Nutanix CEO stays cagey on role in rebooting tech IPOs

When fast-growth datacentre company Nutanix filed an amended S-1 prospectus recently, technology market watchers hoped this was the starting gun for a new round of technology IPOs after a notably quiet first calendar quarter that saw not a single technology company make a debut in the US.

I spoke to Nutanix CEO Dheeraj Pandey yesterday about his intentions and he told me that he is confident that the markets are coming around to buying into the company’s growth story after a pause in calculating chunky valuations for fast-rising companies yet to turn profits.

We’re negotiating with the market and it’s not they don’t like the product, it’s just at what price,” Pandey told me. “People will bounce back to what growth means.”

Yes, but in what time frame? Pandey hinted that the change in attitude could come back within a couple of months.

“We just want the public markets to become growth-friendly and we’re selling an NTNX stock ticker that’s all about growth.”

We’ve seen some sharp declines in the valuations of datacentre companies like Pure Storage and Nimble Storage recently but Pandey noted that that pair illustrate how the markets still reward companies with large-scale ambition.

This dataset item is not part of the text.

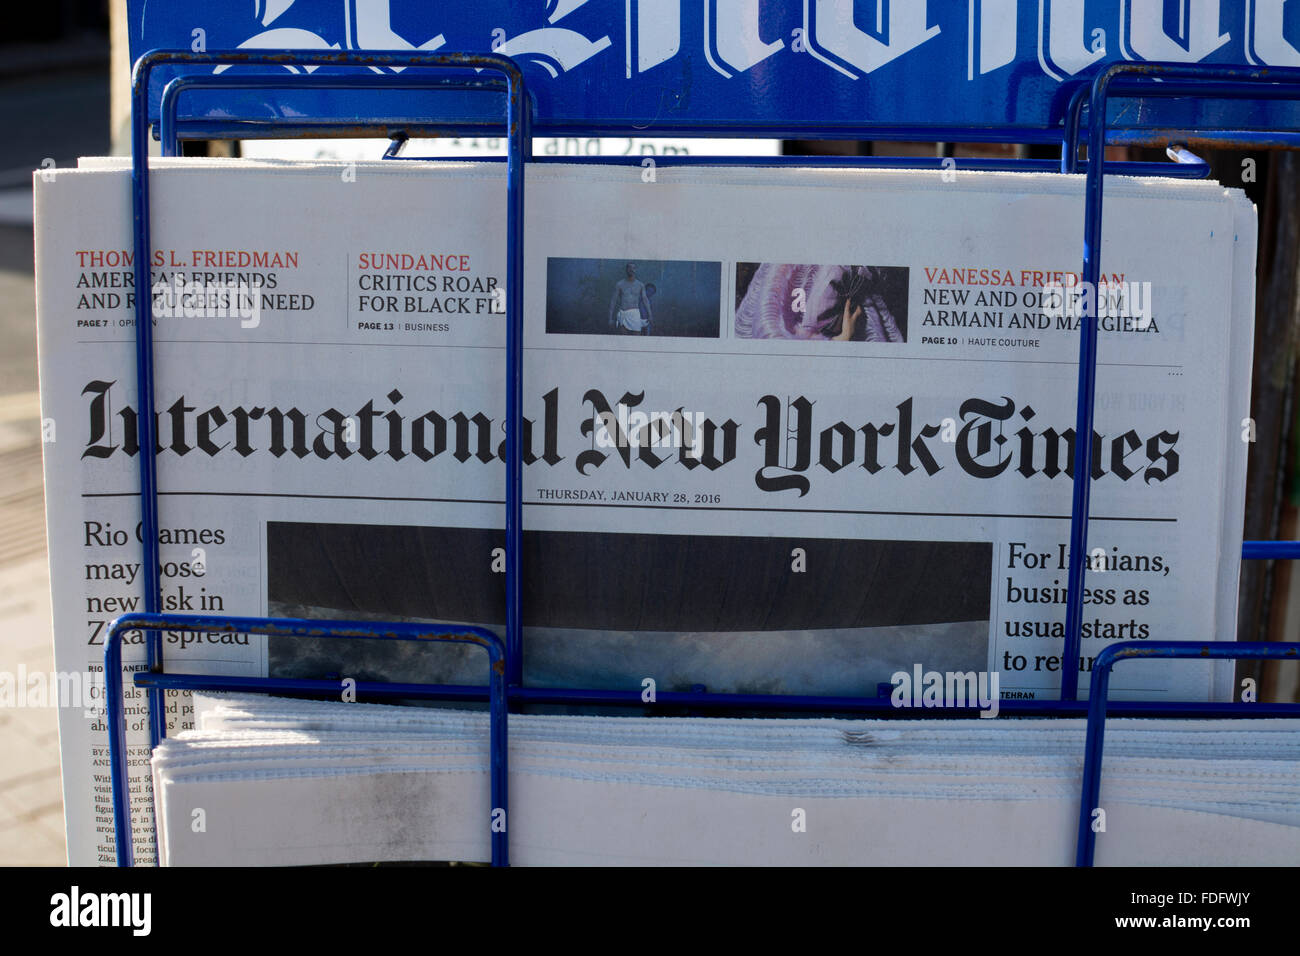 International New York Times sur la vente au Royaume-Uni Banque D'Images

“Pure is still five times bigger than Nimble in market capitalisation and markets still have respect for companies that make big bets,” he said. “With high bets come high rewards. Nimble probably tried to hedge its bets and build a cheaper, faster NetApp.”

Nutanix’s growth trajectory, up over 80 per cent year on year, has seen it soar past $100m in revenue for its last quarter as more IT buyers see value in converged systems that blur the lines between previously separate activities such as processing, networking, storage, backup and virtualisation.

Pandey declined to say how big his company could become but said there were no about turns planned:

“Things have not changed at all. If anything the conviction of building a long-haul enterprise computing company only gets stronger. There’s a lot to be done here ... it’s going to be a pretty long marathon.”

The big datacentre networking storage firms (HP and VCE, for example) seem to have moved to a position of embracing Nutanix’s hyperconvergence ethos while in VCE’s case saying that they see it as a tactical approach more appropriate for branch offices than the enterprise datacentre. Is that just politicking? Pandey takes a philosophical approach.

“It’s just like what they said to Amazon four or five years ago or Wintel in the 1990s or [more recently] Apple in the enterprise. Competition will always play it down. I go back to Mahatma Gandhi: he talked about first they deny you, then they ridicule you, then they fight you and then you win. Large companies are in denial. VCE says ‘we are creating this swim lane’. People used to laugh at us and say ‘this is a science project’ and now they say ‘we have one’.”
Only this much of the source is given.